Pre- and post-exercise results showed similar delta values for testosterone and cortisol. Delta cortisol changes were comparable from trial to trial over three days.

There was a 38% increase in the maximum power for the bench-press, and a 22% increase in the maximum leg-press.

During the 4-hour LIT session, repeated 30-second sprints were performed to improve knee extension torque. A recovery time of 30 seconds for peak knee extension torque was also measured.

While the results of this study suggest that the intensified mesocycle did not significantly impact hormonal responses, the participants' body composition remained unchanged from pre- to post-test.

This may have been a protective mechanism to avoid overtraining.

Male endurance trained cyclists should be monitored for signs of overtraining.
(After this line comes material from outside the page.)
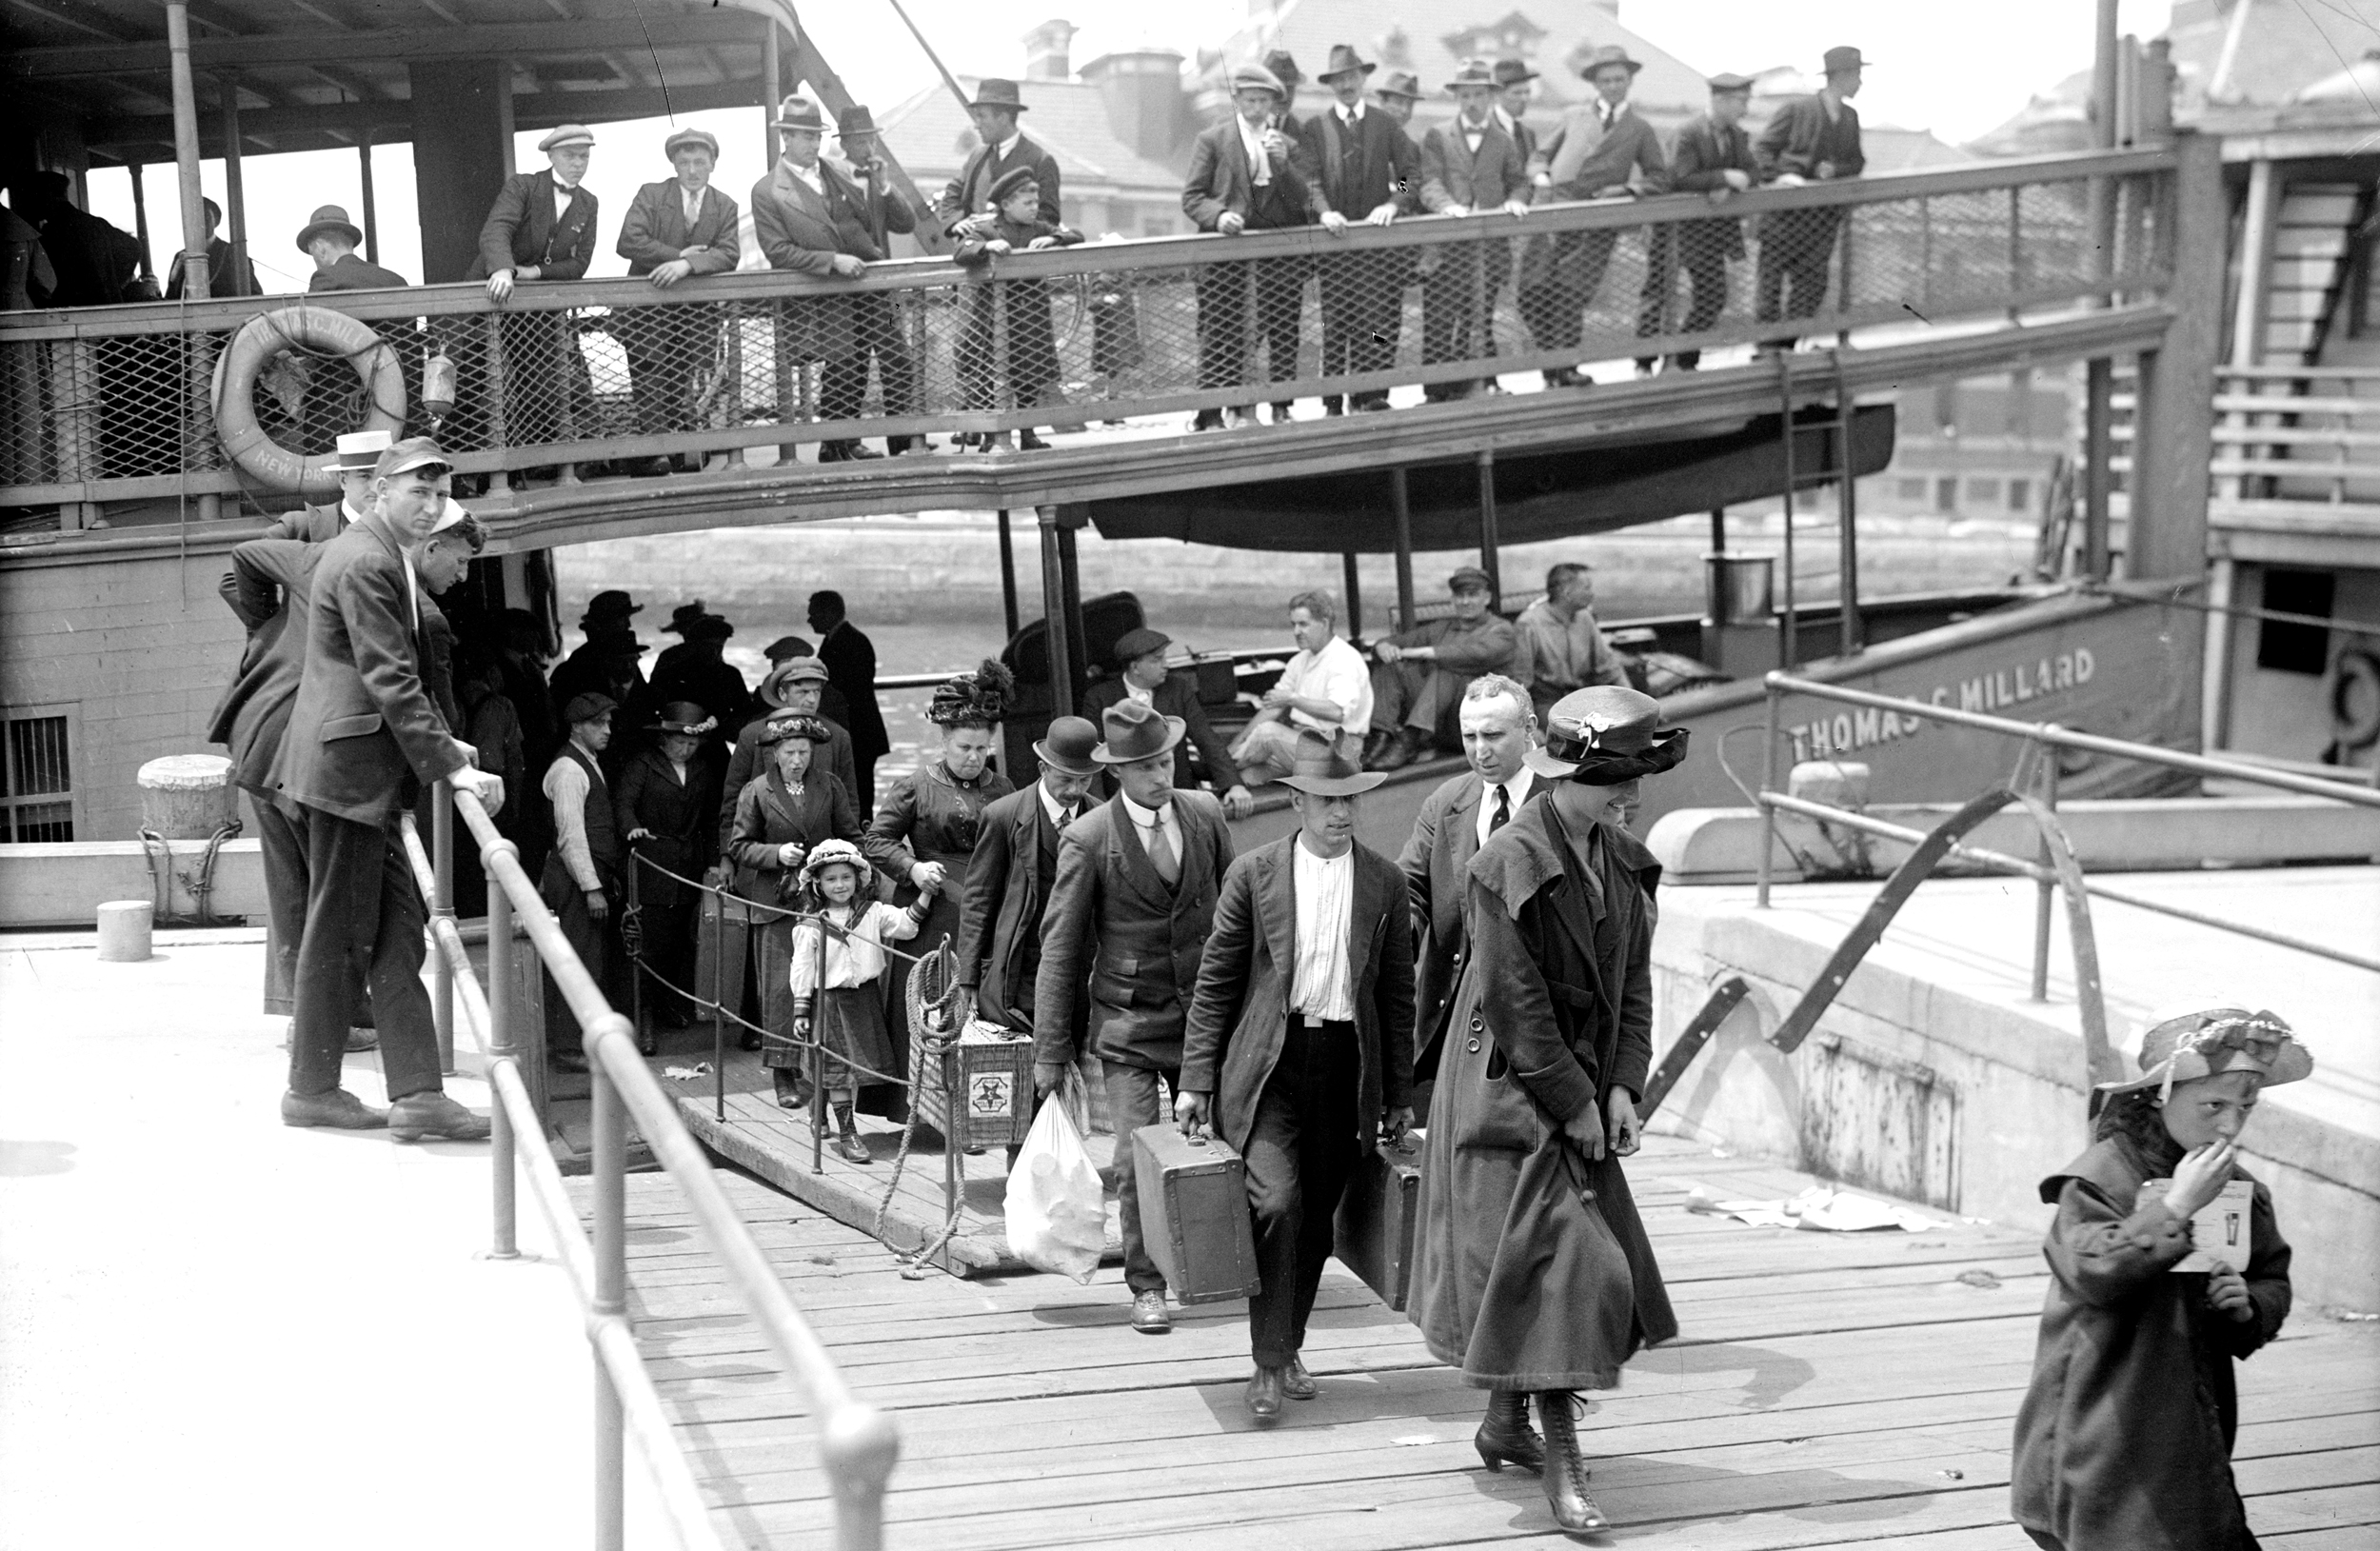 Newly arrived immigrants disembark from the passenger steamer Thomas C. Millard upon their arrival at Ellis Island, in New York, early twentieth century.

This is particularly important during the intense interval training phase of an exercise program.

Several studies have shown that testosterone levels can be increased by short, intense interval workouts.
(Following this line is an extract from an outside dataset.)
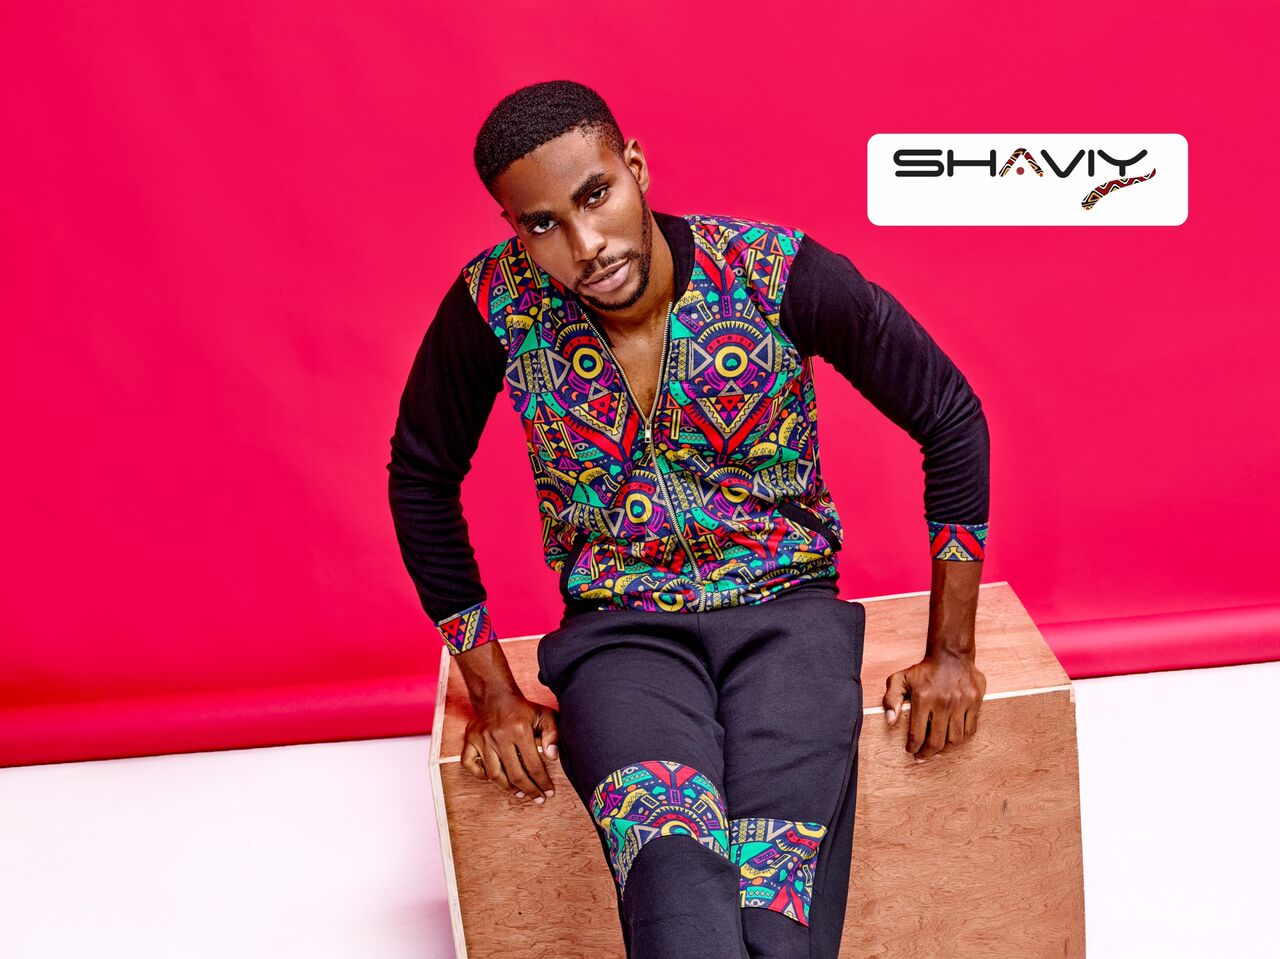 Love Active Wear? Shaviy’s Latest Collection is For You

Alternatively, a natural increase can be achieved through dietary habits and lifestyle practices. However, this method will not compare to a hormone replacement therapy.

An intensified mesocycle could have potentially induced testosterone levels in previously untrained male athletes.

Although this has not been demonstrated, it is possible that the induced testosterone could be responsible for increased performance.

Because of the potential for hormonal changes, it is important to know what the exact effect of the mesocycle is.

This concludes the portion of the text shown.